Methods: This retrospective cohort study included 9,708 singleton pregnancies undergoing first-trimester NIPT between 9 weeks 0 days and 13 weeks 6 days of gestation, which was determined by ultrasound using crown–rump length (CRL) measurement. Participants were stratified into two groups based on gestational age at testing (< 10 weeks and ≥ 10 weeks). Multivariable linear regression was used to assess factors associated with fetal fraction, and multivariable logistic regression was applied to evaluate predictors of no-call results (non-reportable NIPT outcome primarily attributed to fetal fraction < 4%), adjusting for maternal age and body mass index (BMI).
Results: Fetal fraction increased significantly with advancing gestational age. After adjustment for maternal age and BMI, testing performed at ≥ 10 weeks was associated with a higher fetal fraction compared with testing at < 10 weeks (β = 1.58; 95% CI, 1.31 to 1.85; p < 0.001). However, gestational age was not independently associated with the risk of a no-call result (adjusted OR 0.88; 95% CI, 0.68 to 1.16; p = 0.40), and no significant difference in no-call rates was observed between the two gestational age groups (3.78% vs. 3.76%).

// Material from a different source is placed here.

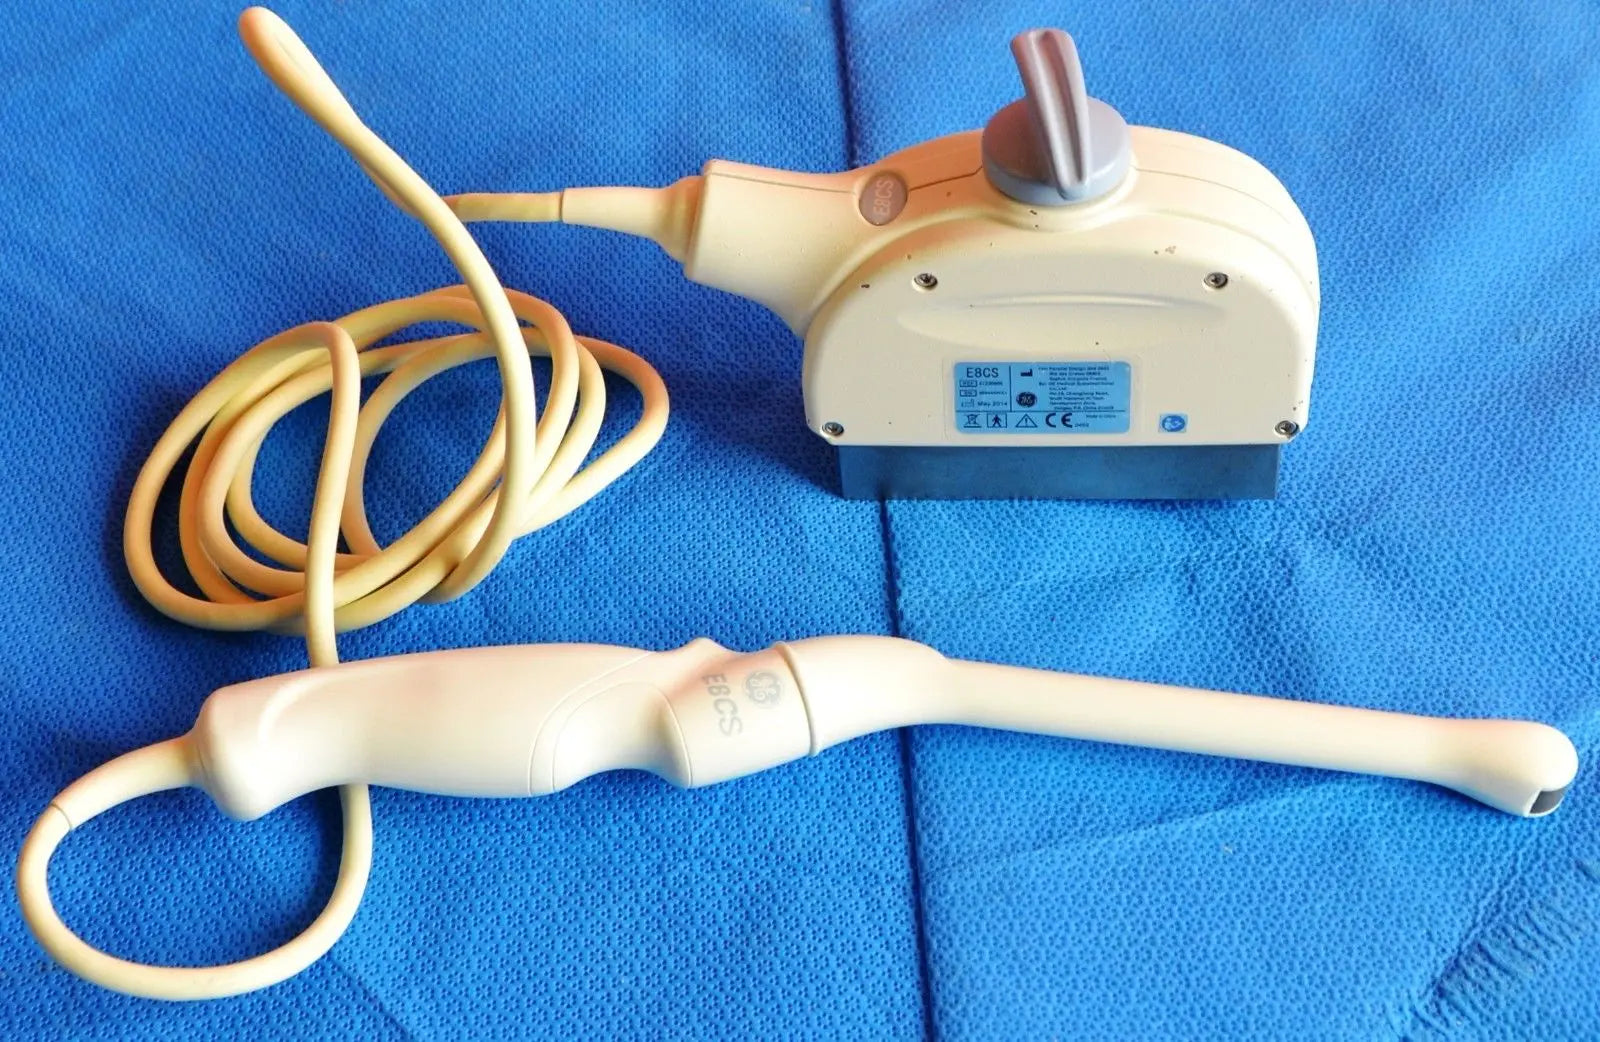 GE E8CS Endocavity Ultrasound Probe Gynecology Ultrasound Transducer 2014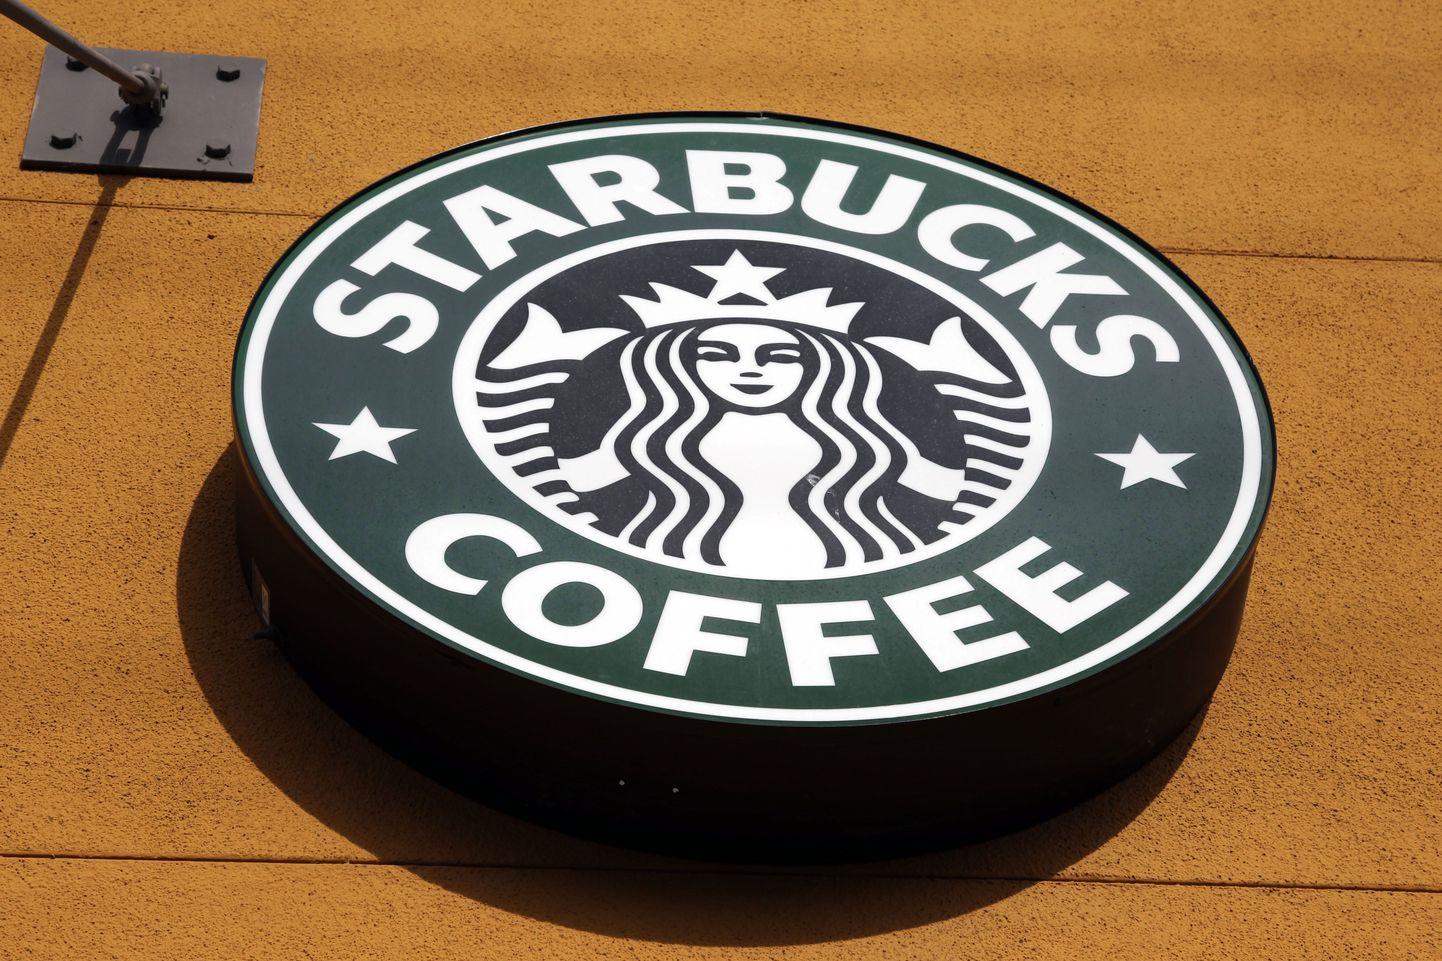 Starbucksi kohviku logo

Conclusion: Although fetal fraction increases after 10 weeks of gestation, gestational age is not an independent determinant of no-call results once fetal fraction adequacy is achieved. NIPT performed in the early first-trimester (< 10 weeks of gestation) demonstrates acceptable analytical feasibility and reliable performance, supporting its use for early prenatal screening under appropriate clinical conditions.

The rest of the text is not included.